The mental, emotional, and financial investments in DACA proved worthwhile for Naomi (not her actual name). As a high school senior, she was set to graduate several months before she and her parents decided to move forward with her DACA application. She had been accepted to several schools and had received a scholarship to attend a small liberal arts college. However, to make good on its offer, the college needed her to provide a valid Social Security number. After she got DACA, Naomi could show her valid work permit and Social Security number to every school she considered attending, and she now is on track to become the first person in her family to graduate from college. DACA has helped so many like Naomi and thousands of others who’ve been able to obtain higher-paying jobs to support their families, return to school, own a business, practice the career they studied and worked so hard for, and accomplish many other goals.

But since Donald Trump became president, affected people’s and advocates’ DACA-related concerns have shifted dramatically. We’ve gone from working to safeguard DACA’s smooth implementation to fighting back efforts to discredit and dismantle the program. Although the president, when he first took office, stepped back from his campaign promise to repeal DACA—instead indicating that he has sympathy for “Dreamers”—the volatility of his administration and threats to the program made by ten conservative state attorneys general demonstrate clearly that we’ve got to continue to vigorously protect DACA. An end to DACA would not only be a devastating loss to those who currently enjoy its benefits, but also to the U.S. economy. The Center for American Progress (CAP) estimates that ending DACA would result in a loss of $460.3 billion from the national GDP over the next decade and would remove an estimated 685,000 workers from the nation’s economy. On the flip side, continuing DACA could increase the estimated yearly contribution of DACA recipients to state and local taxes, to $2.45 billion.

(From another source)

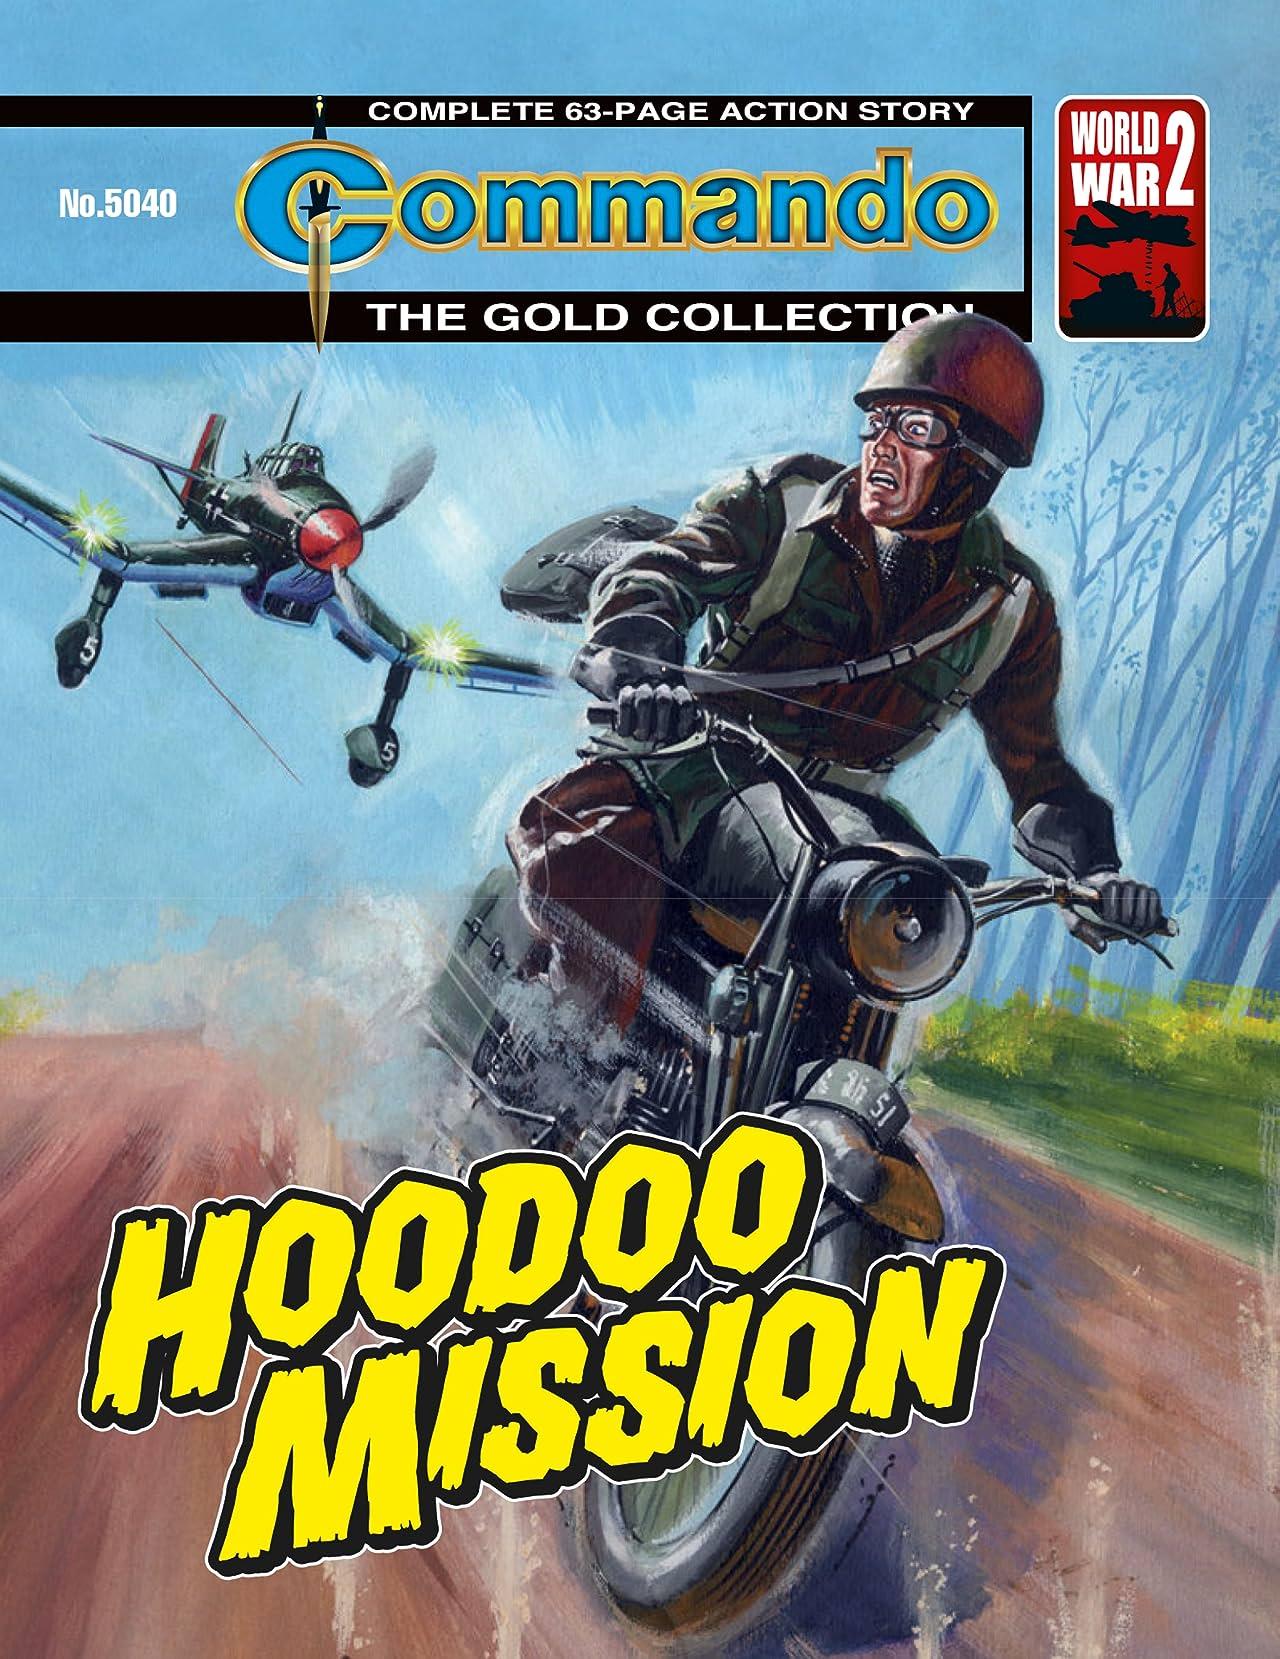 Commando #5040: Hoodoo Mission

But the main reason to protect DACA is that it would be inhumane to deprive hundreds of thousands of people from the freedom, opportunities, and goals they have had access to because of DACA’s benefits. At a time when nearly 8 in 10 voters, including almost three-quarters of Trump voters, support allowing “Dreamers” to stay in the country, it is important to emphasize that DACA is a policy that has safeguarded immigrant youth and that we still need a permanent solution.

Whether because of political pressure or because their conscience is calling them to do the right thing, several members of Congress have announced bipartisan legislation to protect DACA-eligible people and others who arrived to the U.S. as minors. These new versions of the Dream Act and similar legislation proposing a path for some to regularize their status may seem promising, but while we wait for Congress and the president to come up with a clean, broad legislative solution, it is important we #DefendDACA and its beneficiaries.

DACA taught me so much about the resilience and strength of the community I serve. I’m inspired by the heartfelt words of my former DACA client who said, “We’ve made it this far, and we’ll keep going. We just have to keep fighting.” We definitely must keep fighting—fighting without distractions and without fear. We must defend DACA until we have a real opportunity for permanent change. We must continue to support and stand in solidarity with our immigrant communities and be ready for the challenges to come.

DACA was a win by and for the immigrant community. Let’s remember those lessons of strength as we forge ahead.